The tool of perpetual bonds to service the debt of the perpetually sick and asthmatic Argentina is intended to be used by the President of Argentina, Javier Millay.
More specifically, the Argentine president by issuing perpetual debt seeks to repay a $16 billion bond – money that had been used to renationalize the country’s public energy company Yacimientos Petrolíferos Fiscales (YFP). It is recalled that YPF was privatized in 1993 and was bought by the Spanish company Repsol S.A. in 1999. The new company was named “Repsol YPF”. The renationalization of 51% was started in 2012 by President Cristina Fernandez de Kirchner – but it was a wrong practice.
The Argentine government, after a long legal battle, was defeated in international courts and finally agreed to pay compensation.
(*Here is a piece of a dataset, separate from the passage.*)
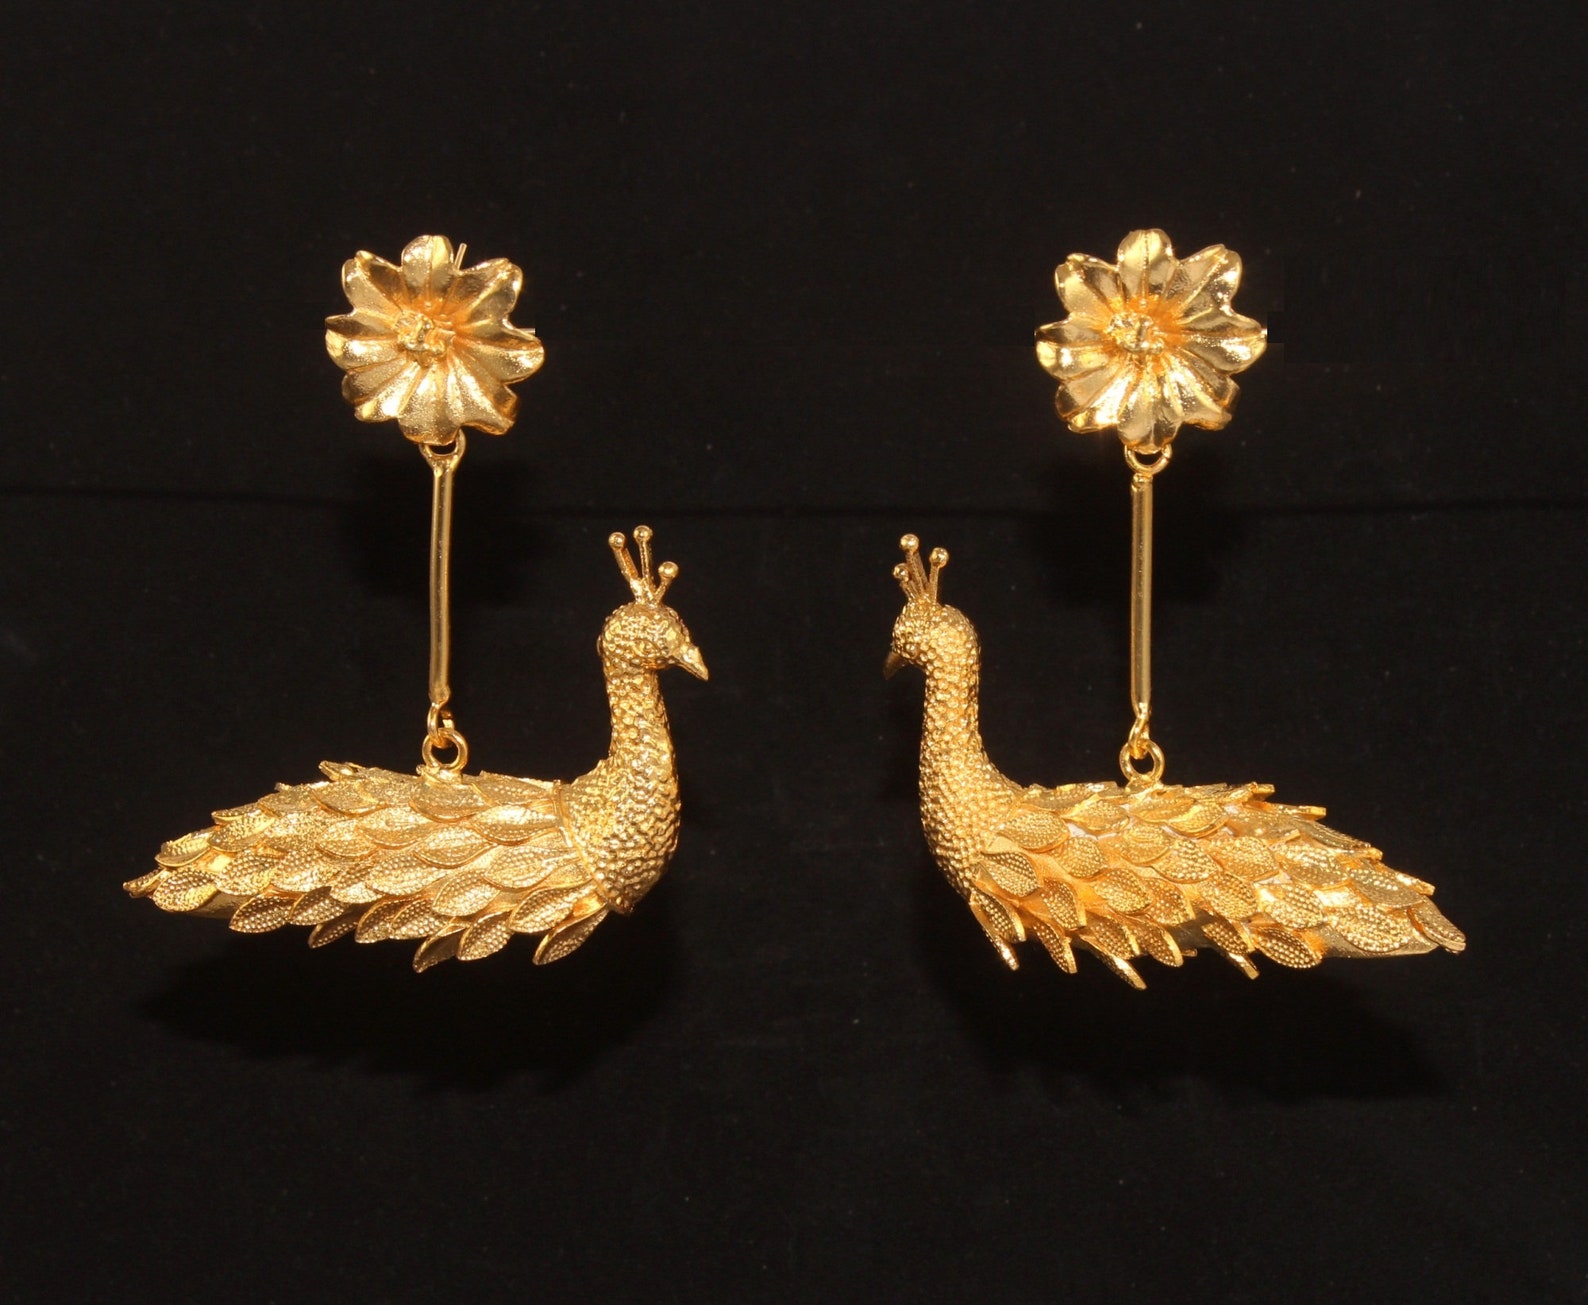 70x63mm 22kt Gold Plated Peacock Earrings Designer Long Etsy
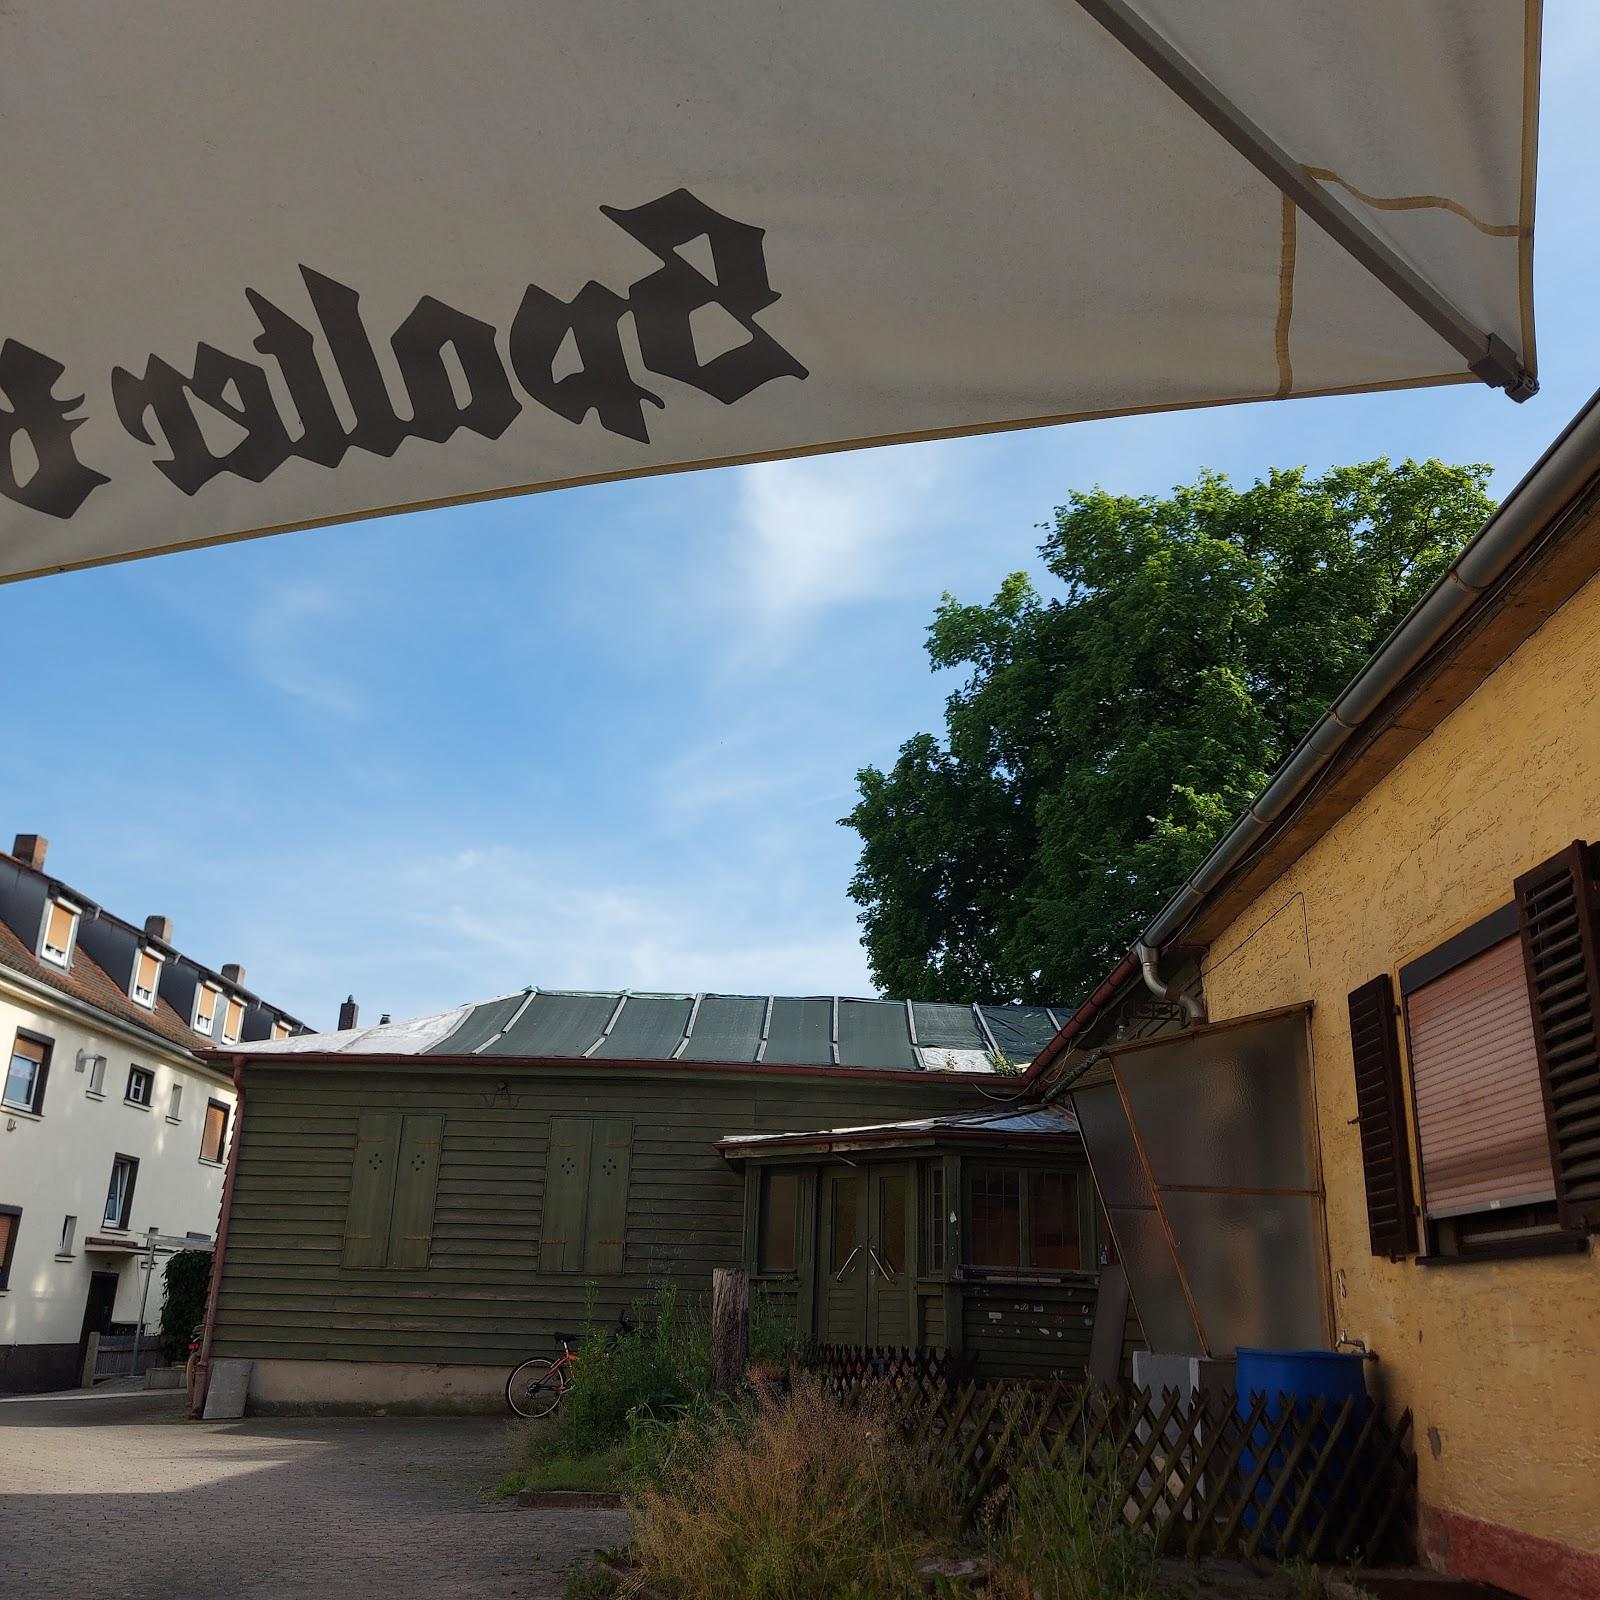 Restaurant "Moses kleine Kneipe" in Schwabach

And now it’s time to start paying the plaintiffs by January 10, with the first $6.2 billion going to Burford Capital.
The perpetual debt
In any case, perpetual bonds are the solution proposed by Argentina’s new president, Javier Millay, in an attempt to fix his country’s public finances. The only thing that is certain is that there is no money in the country of the once mighty country of Latin America.
Hence the assumption of an unlimited time bond, known in English as consols bond (consolidated bonds) or perp – short for “perpetual”. The reason for a bond with no duration, intended, in theory, to pay fixed coupons for an infinite period of time. Its main advantage is considered to be the prospect of securing a steady flow of product payments. On the other hand, its main disadvantage is the inability to repay the collateral.
Also, as far as the specific financial instrument is concerned, there are other risks, to which Argentina is particularly sensitive. More specifically:
- the fluctuation of interest rates,
- the credibility of the publisher itself and
- the difficulty of reselling the security to other investors.
The issuance of the Argentine bond will in turn be financed by the imposition of a tax called the “Kicillof tax”: a direct reference to the current governor of Buenos Aires and Minister of Economy at the time of the renationalization of YPF in 2013 Axel Kicillof. The goal, in Millay’s own words, is to remind all Argentines that “they have to pay a certain amount every year because of the monstrous mistake made by Kicillof.”
The plan to reduce the Argentine debt without cutting its nominal value, by exchanging the official institutional debt to the IMF and lenders in general with a different type of bonds: the so-called “perpetual” bonds with a growth clause.
You were talking about a “haircut” but it will not be a typical “haircut” and thus it will not appear as bankruptcy.
Perpetuals, which are long-term bonds of up to 100 years or never expire. The Argentine president’s proposal for a debt swap would be a form of “smart debt engineering” that allows avoiding the use of terms such as “haircut”, politically unacceptable to creditors.
In this way, the president of Argentina is trying to reform his country by giving his creditors fiscal room to do so. Otherwise, Argentina will continue to suffocate.